Enables manual triggering from the GitHub UI with custom parameters.

🧪 Example: Uploading Artifacts

- name: Upload coverage report
  uses: actions/upload-artifact@v4
  with:
    name: coverage-report
    path: ./coverage/

Save build results, test coverage reports, or other generated assets for download or review.
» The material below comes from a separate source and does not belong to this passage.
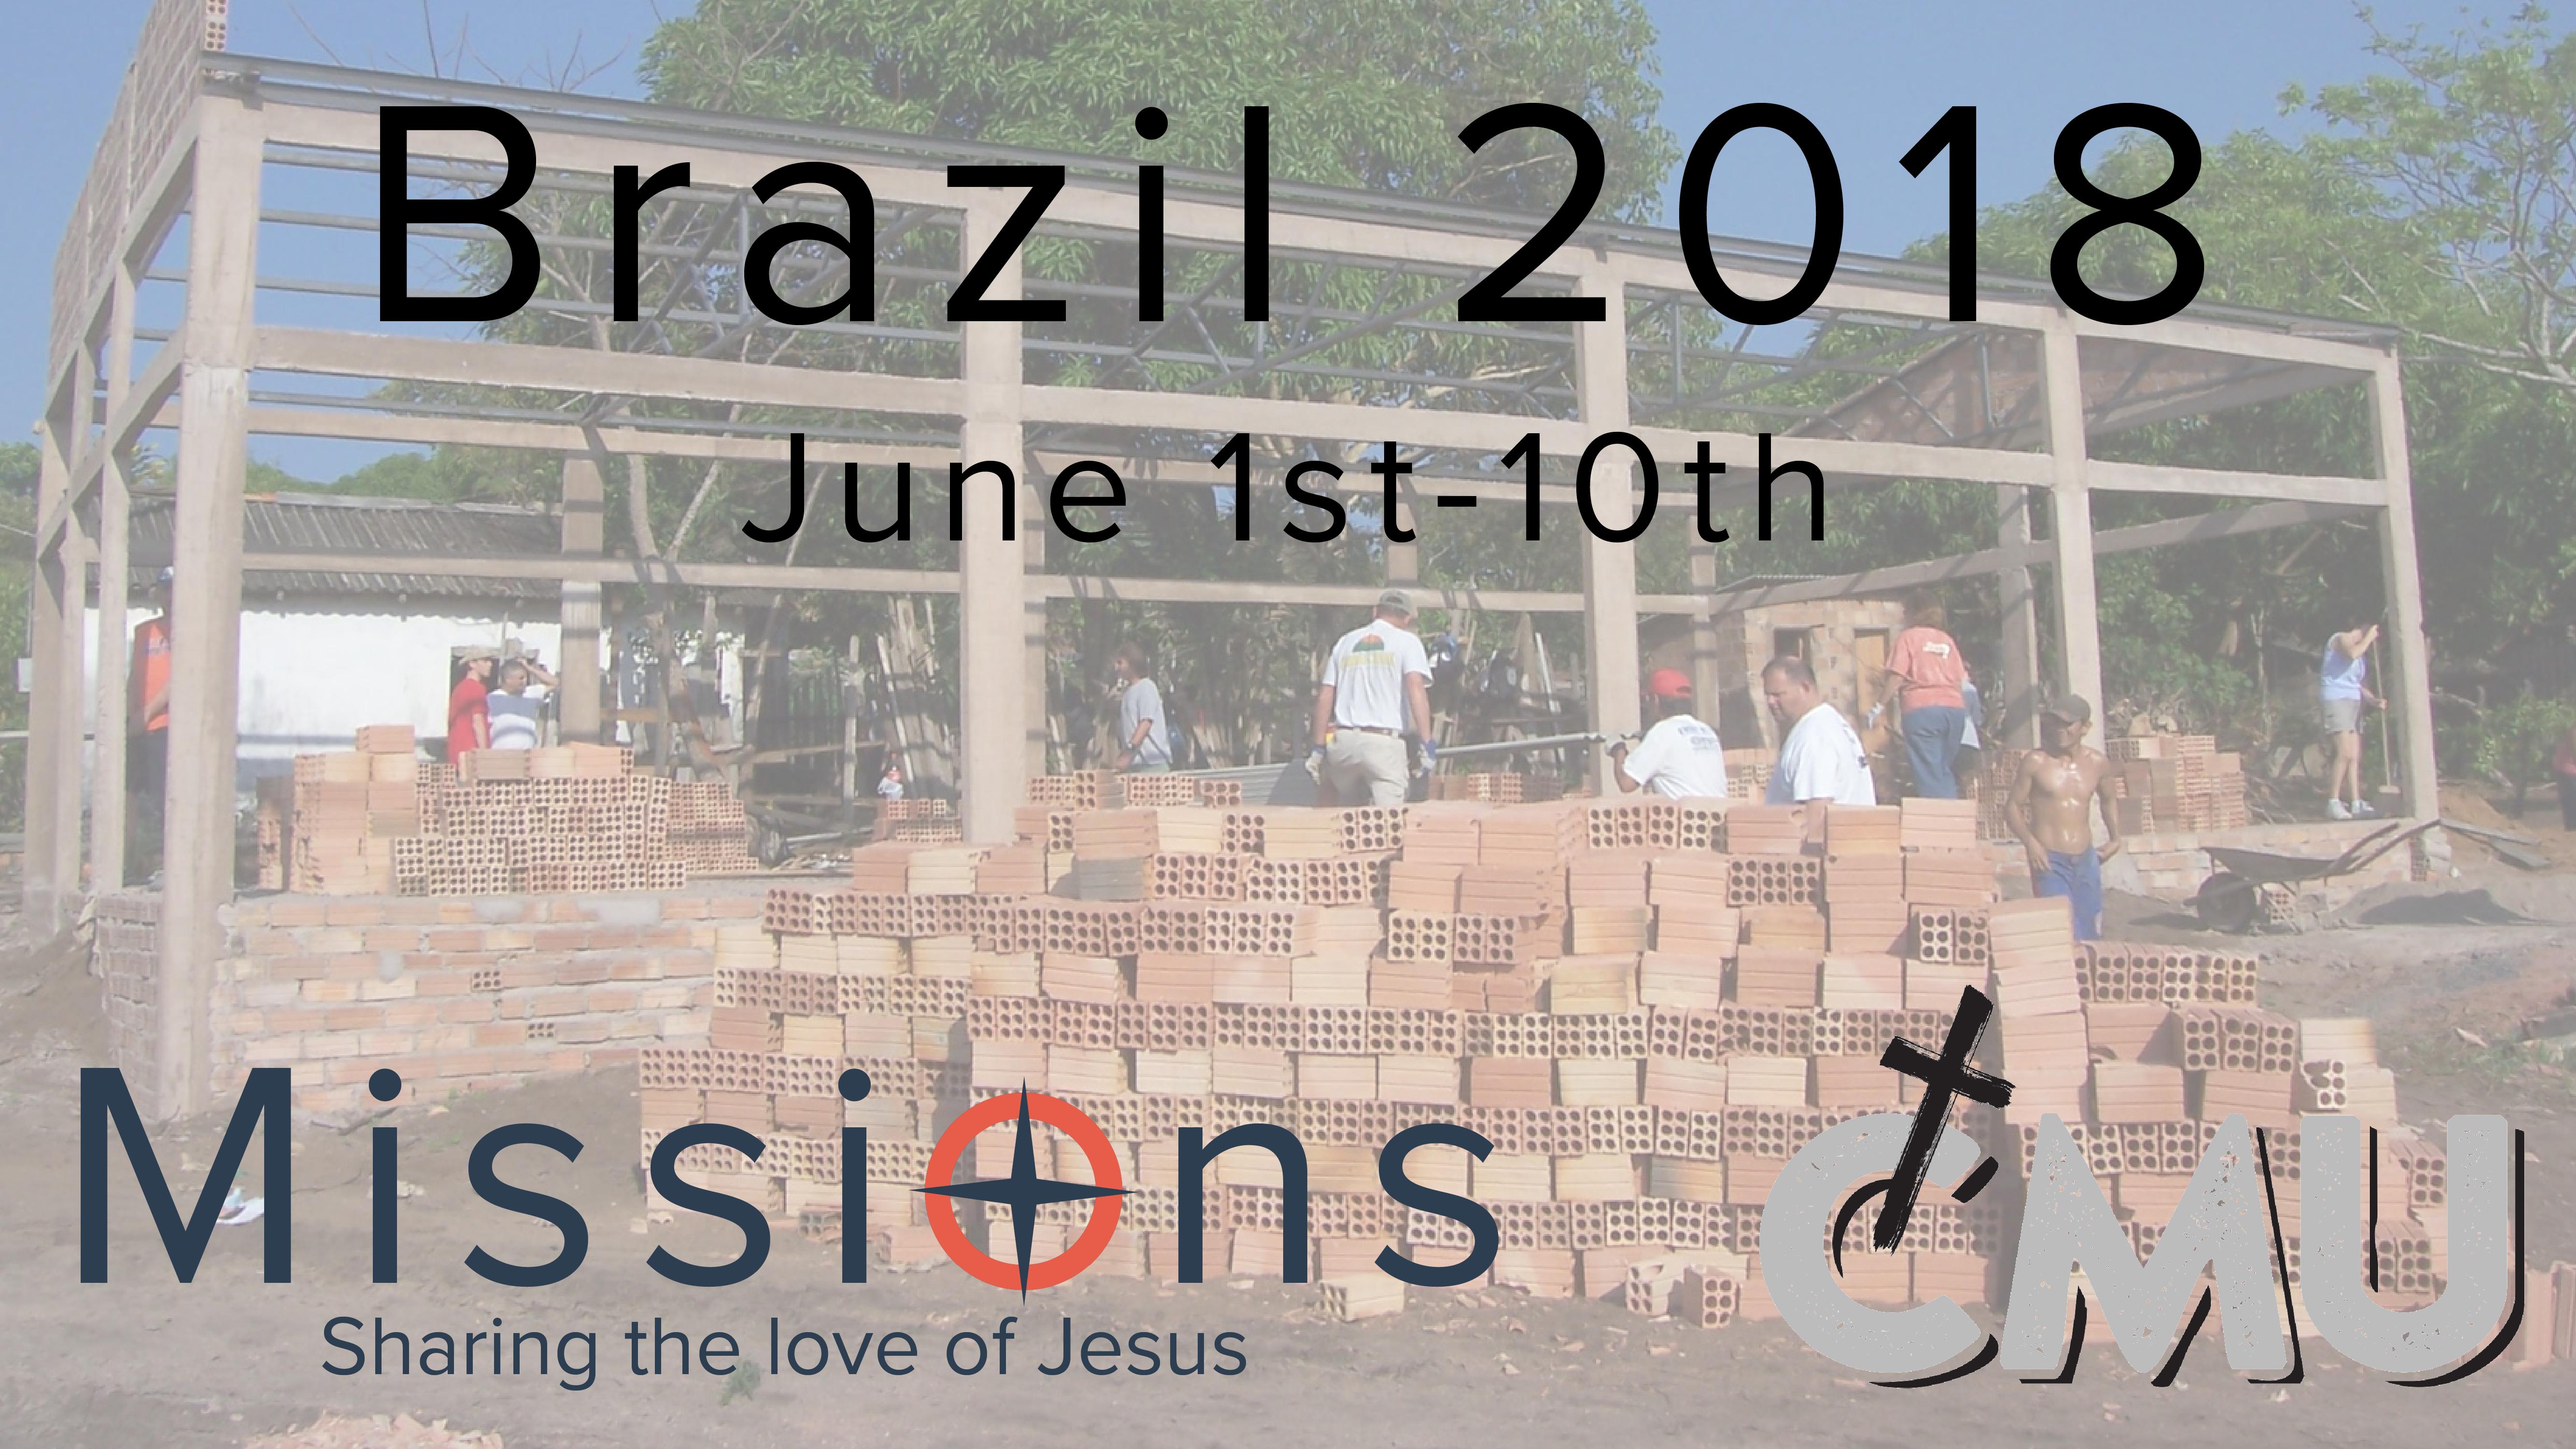 Mission brazil 2018 01

🧪 Example: Conditional Jobs Based on Environment

jobs:
  deploy:
    if: github.ref == 'refs/heads/main'
    runs-on: ubuntu-latest
    steps:
      - name: Deploy to production
        run: ./deploy.sh

This job runs only if the push was to the main branch.


7. Best Practices

  • Keep it simple: Break large workflows into smaller, manageable files.
  • Cache dependencies: Improve build times using actions/cache.
  • Secure secrets: Store tokens and API keys in Settings > Secrets.
  • Use pinned versions: Reference specific versions (@v4, @v2) instead of @latest.
  • Avoid redundancy: Reuse logic with composite actions or reusable workflows.
  • Monitor runs: Set up failure alerts and track metrics.

8. Next Steps

  • Read the official GitHub Actions Quickstart.
  • Explore pre-built actions on the Marketplace.
  • Experiment with advanced features like job dependencies, matrix builds, and composite actions.
  • Track workflow runs in the “Actions” tab for insights and debugging.

🌟 Pro tip: Automate documentation updates and changelog generation with GitHub Actions using tools like release-drafter to generate changelogs automatically.


9. Glossary

  • Workflow: A YAML-defined automation triggered by GitHub events.
  • Runner: A VM or container where a job is executed.
  • Job: A set of sequential steps in a workflow.
  • Step: A command or action within a job.
  • Matrix build: A strategy to run jobs across multiple configurations.

For more terms, visit the GitHub Actions glossary.


🎯 Start with a small automation (like linting or testing), then evolve your workflow as your project grows.